To find the number of combinations of three scoops of ice cream that Laura can choose from, we need to consider whether repetition is allowed.
1. If repetition is allowed:
In this case, Laura can choose the same flavor for more than one scoop. Since she has 6 flavors to choose from and repetition is allowed, she can choose any flavor for each of the three scoops.
The number of possible combinations can be calculated using the formula:
Number of combinations = (number of options)^(number of choices)
In this case, since Laura has 6 options (flavors) and she needs to choose 3 scoops, we can calculate the number of combinations as follows:
Number of combinations = 6^3 = 216
Therefore, there are 216 possible combinations of 3 scoops of ice cream that Laura can choose from when repetition is allowed.
2. If repetition is not allowed:
In this case, Laura can choose each flavor only once for the three scoops.
The number of possible combinations can be calculated using the formula for combinations:
Number of combinations = n! / (r! * (n-r)!)

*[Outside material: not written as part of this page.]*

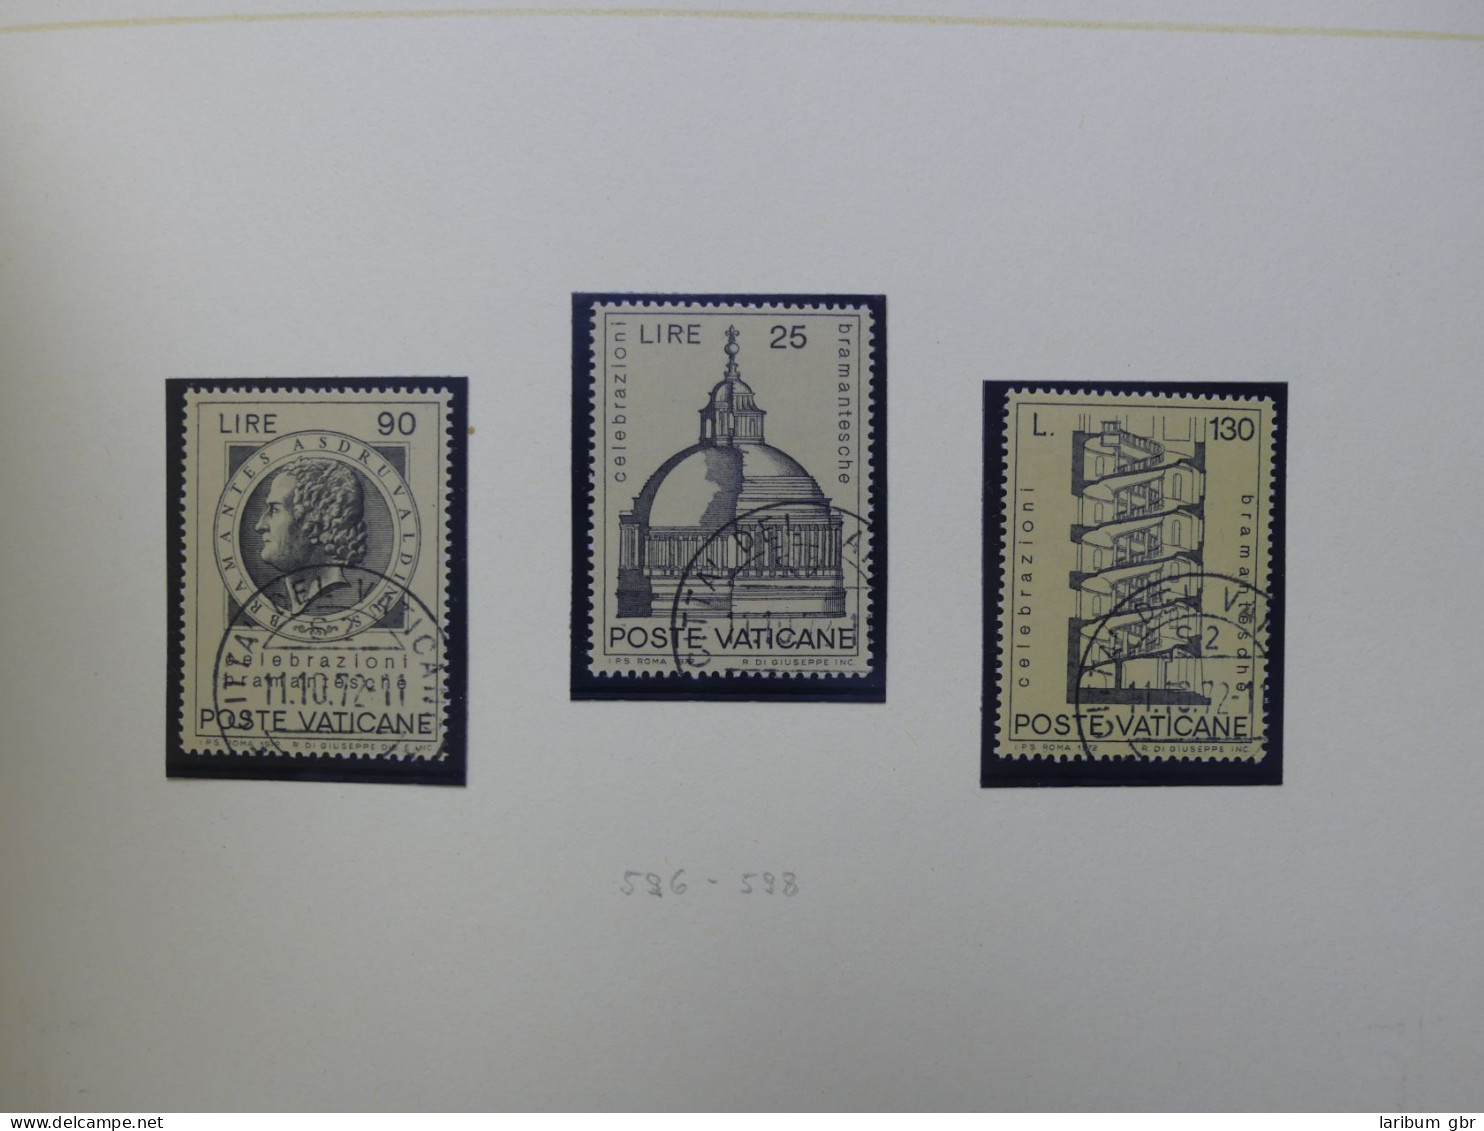 Vatikan 1963-1973 gestempelt besammelt mit Briefen im Binder #LY999

Where n is the total number of options (flavors) and r is the number of choices (scoops).
In this case, n = 6 (flavors) and r = 3 (scoops).
Substituting the values:
Number of combinations = 6! / (3! * (6-3)!)
= 6! / (3! * 3!)
= (6 * 5 * 4 * 3 * 2 * 1) / ((3 * 2 * 1) * (3 * 2 * 1))
Simplifying the expression:
Number of combinations = (6 * 5 * 4) / (3 * 2 * 1)
= 20
Therefore, there are 20 possible combinations of 3 scoops of ice cream that Laura can choose from when repetition is not allowed.
In summary, if repetition is allowed, there are 216 possible combinations, and if repetition is not allowed, there are 20 possible combinations of 3 scoops of ice cream that Laura can choose from.